Search code examples
pythontensorflowtf.data.dataset

How to access Tensor shape within .map function?


I have a dataset of audios in multiple lengths, and I want to crop all of them in 5 second windows (which means 240000 elements with 48000 sample rate). So, after loading the .tfrecord, I'm doing:

audio, sr = tf.audio.decode_wav(image_data)

which returns me a Tensor that has the audio length. If this length is less than the 240000 I would like to repeat the audio content til it's 240000. So I'm doing on ALL audios, with a tf.data.Dataset.map() function:

audio = tf.tile(audio, [5])

Since that's what it takes to pad my shortest audio to the desired length.

But for efficiency I wanted to do the operation only on elements that need it:

if audio.shape[0] < 240000:
  pad_num = tf.math.ceil(240000 / audio.shape[0]) #i.e. if the audio is 120000 long, the audio will repeat 2 times
  audio = tf.tile(audio, [pad_num])

But I can't access the shape property since it's dynamic and varies across the audios. I've tried using tf.shape(audio), audio.shape, audio.get_shape(), but I get values like None for the shape, that doesn't allow me to do the comparison.

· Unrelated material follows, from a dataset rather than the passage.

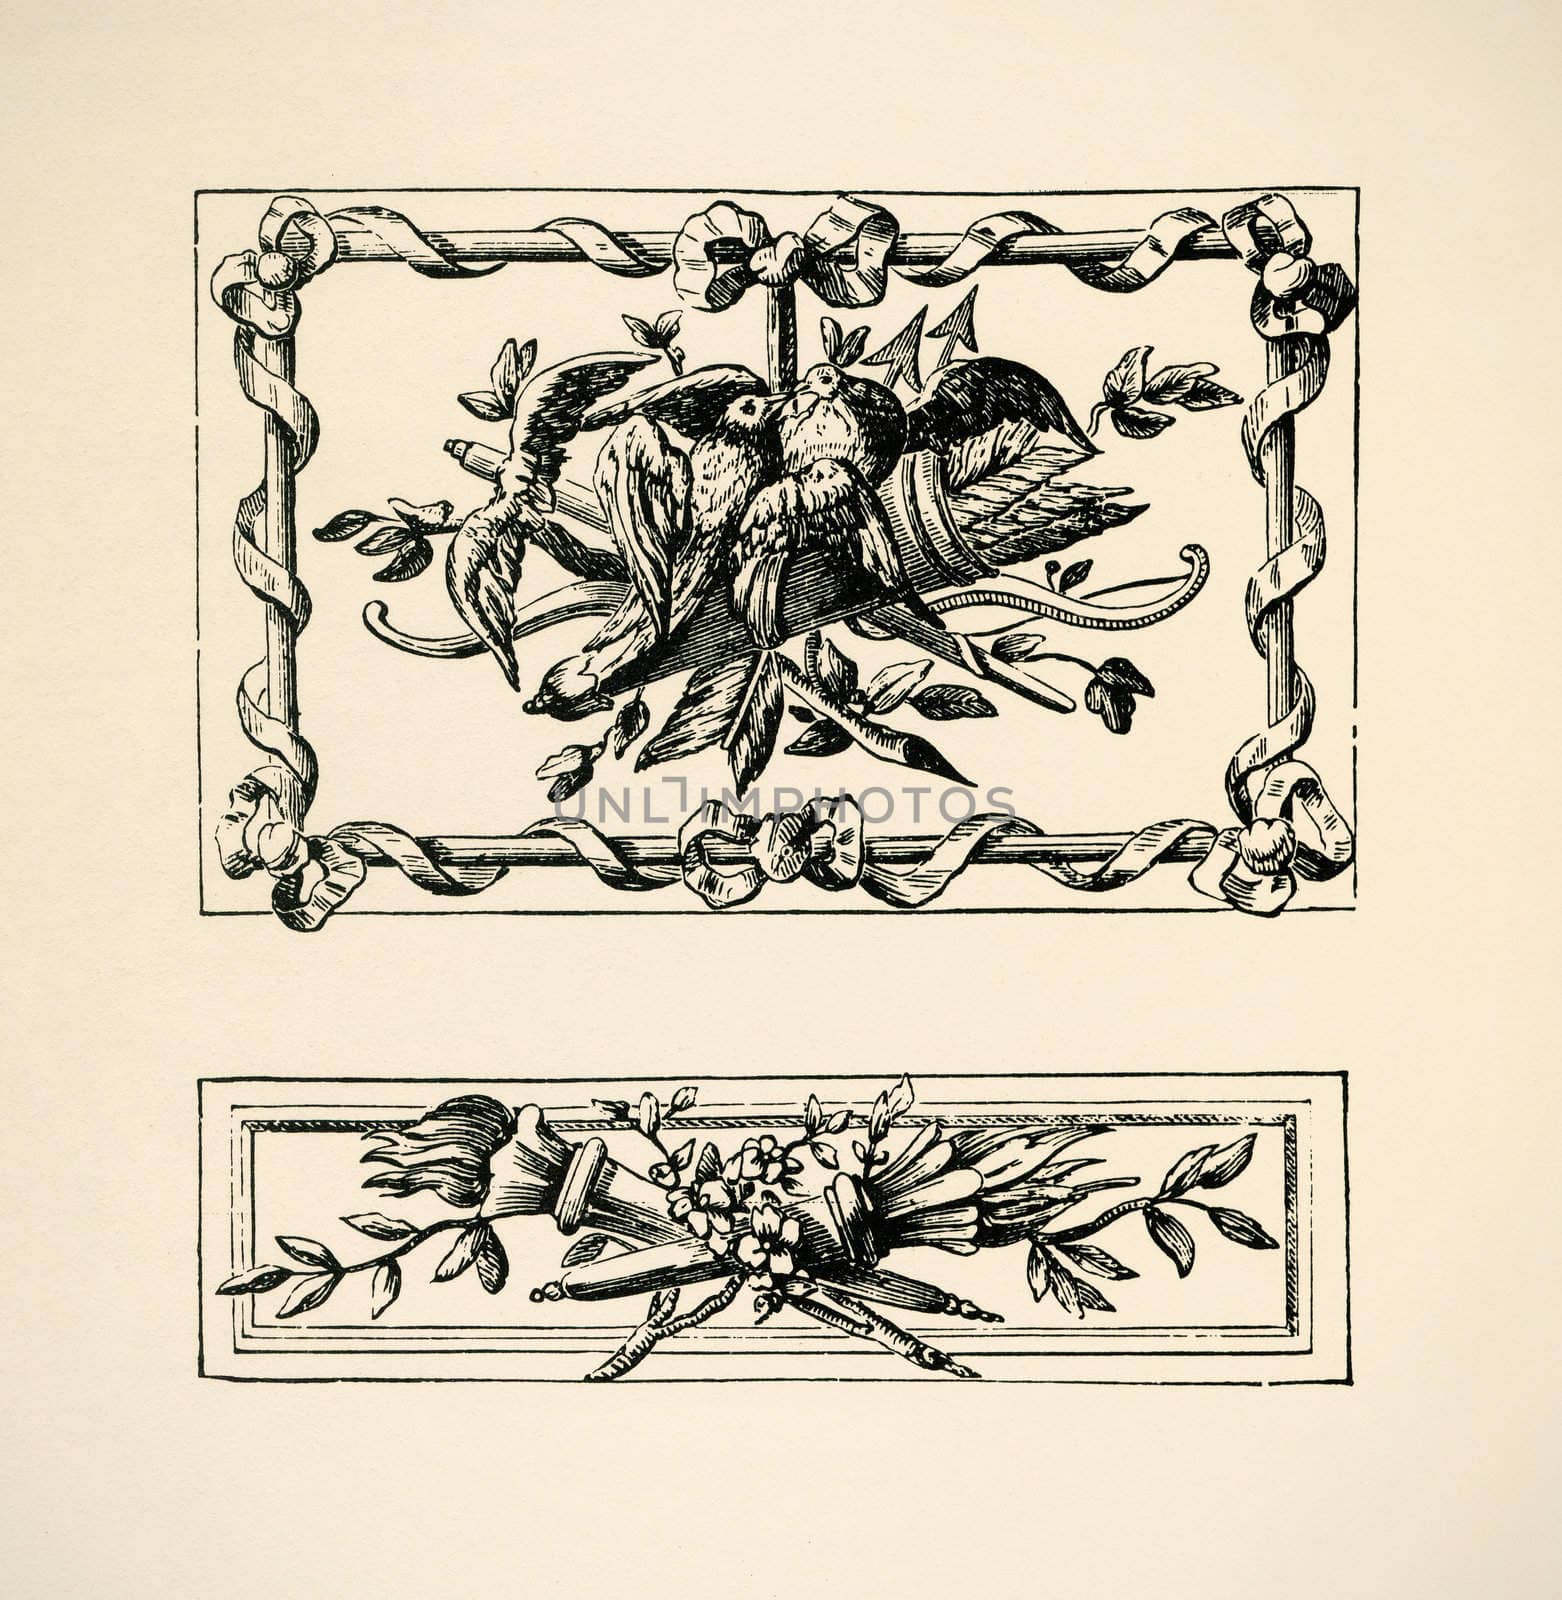 Ornaments Italiens. Panno, style Louis Seize. Engraving of 18 century. Copyright expired.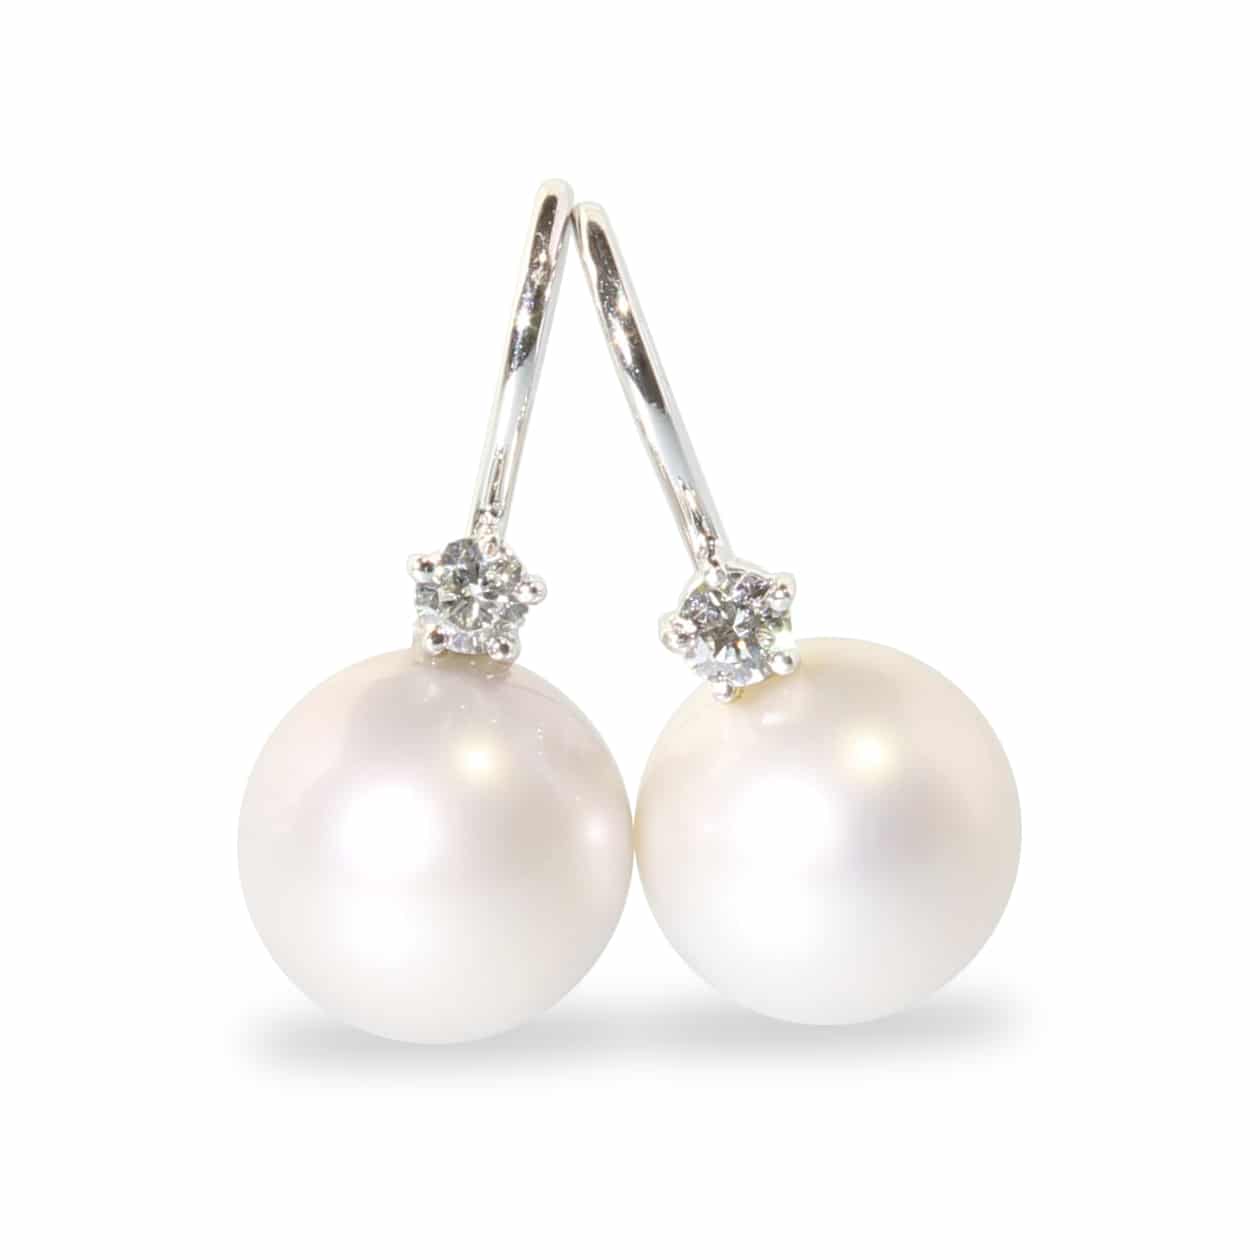 Earrings with pearls and diamonds in 18K white gold; handmade.  Exclusive piece.

Is it possible to do this?


Solution

  • You can use a function like this:

    import tensorflow as tf
    
    def enforce_length(audio):
        # Target shape
        AUDIO_LEN = 240_000
        # Current shape
        current_len = tf.shape(audio)[0]
        # Compute number of necessary repetitions
        num_reps = AUDIO_LEN // current_len
        num_reps += tf.dtypes.cast((AUDIO_LEN % current_len) > 0, num_reps.dtype)
        # Do repetitions
        audio_rep = tf.tile(audio, [num_reps])
        # Trim to required size
        return audio_rep[:AUDIO_LEN]
    
    # Test
    examples = tf.data.Dataset.from_generator(lambda: iter([
        tf.zeros([100_000], tf.float32),
        tf.zeros([300_000], tf.float32),
        tf.zeros([123_456], tf.float32),
    ]), output_types=tf.float32, output_shapes=[None])
    result = examples.map(enforce_length)
    for item in result:
        print(item.shape)
    

    Output:

    (240000,)
    (240000,)
    (240000,)